> _GIVEN INFORMATION_:

---+---

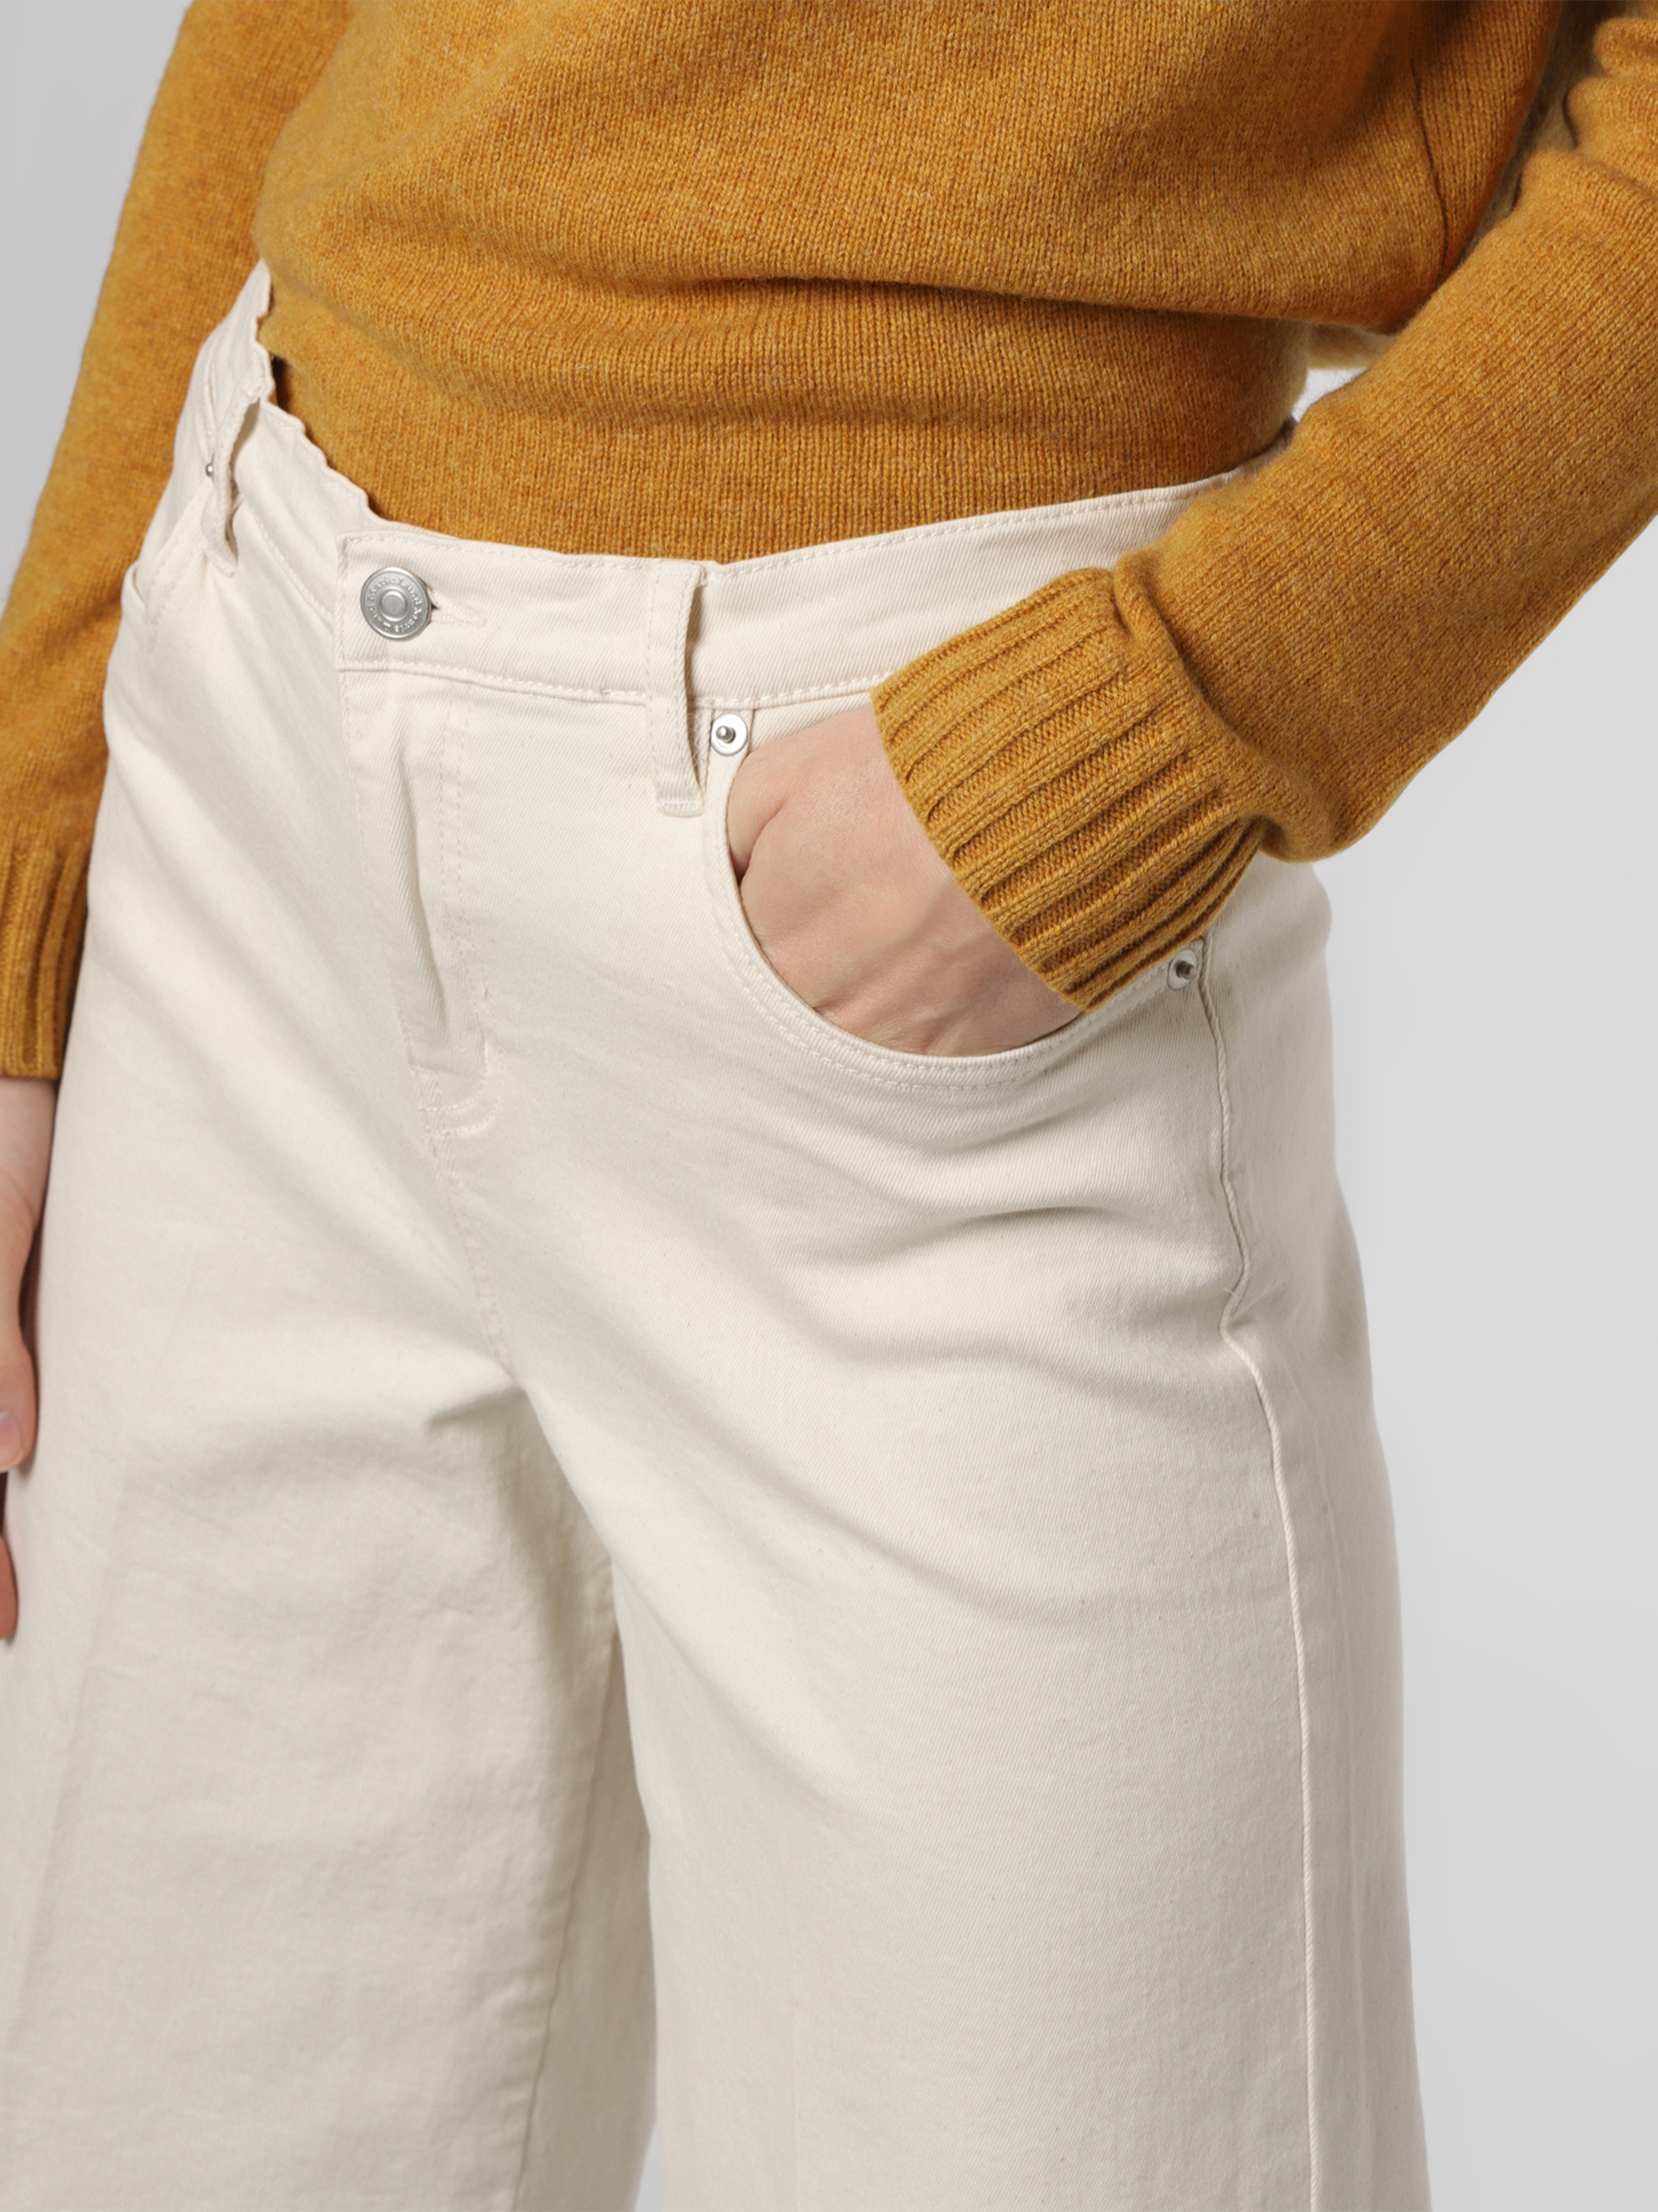 Marie Lund Jeans in Creme 
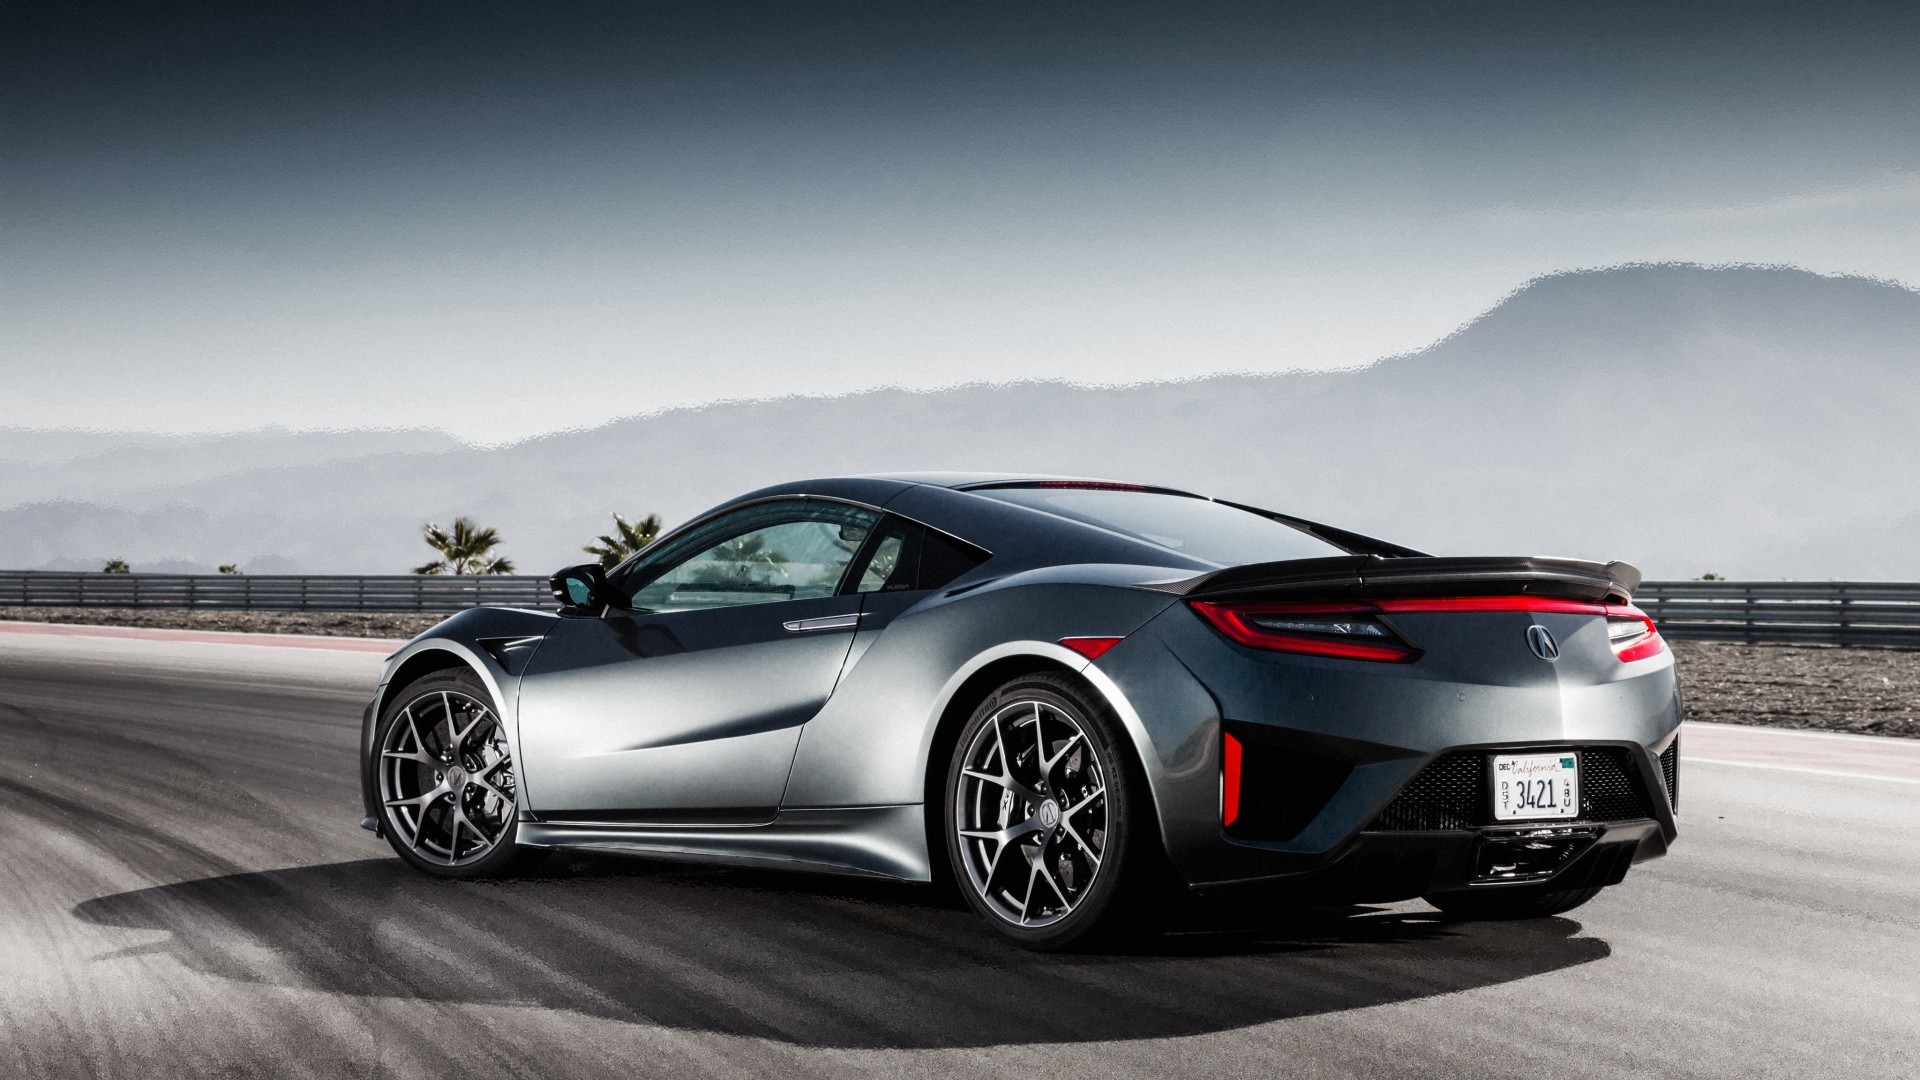 Acura Nsx - Acura Nsx Back View , HD Wallpaper & Backgrounds
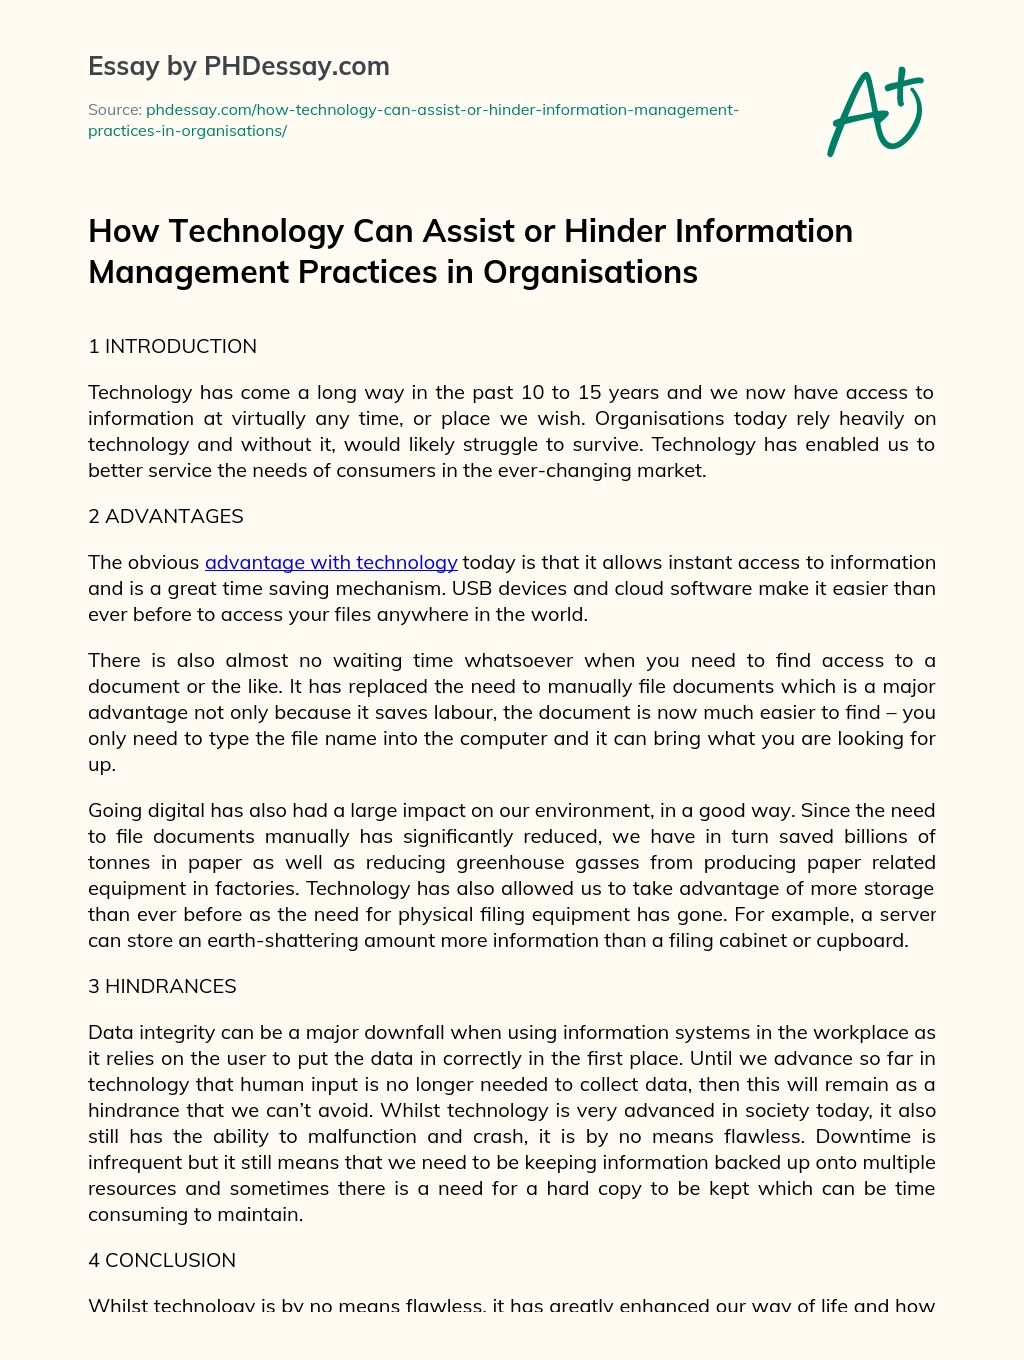 How Technology Can Assist or Hinder Information Management Practices in Organisations essay

---+---

> _PROBLEM DETAILS_:
Return each line of the material exactly as written; exclude the pictures.

> _EXPECTED OUTPUT_:
 Marie Lund Jeans in Creme 
 Acura Nsx - Acura Nsx Back View , HD Wallpaper & Backgrounds
 How Technology Can Assist or Hinder Information Management Practices in Organisations essay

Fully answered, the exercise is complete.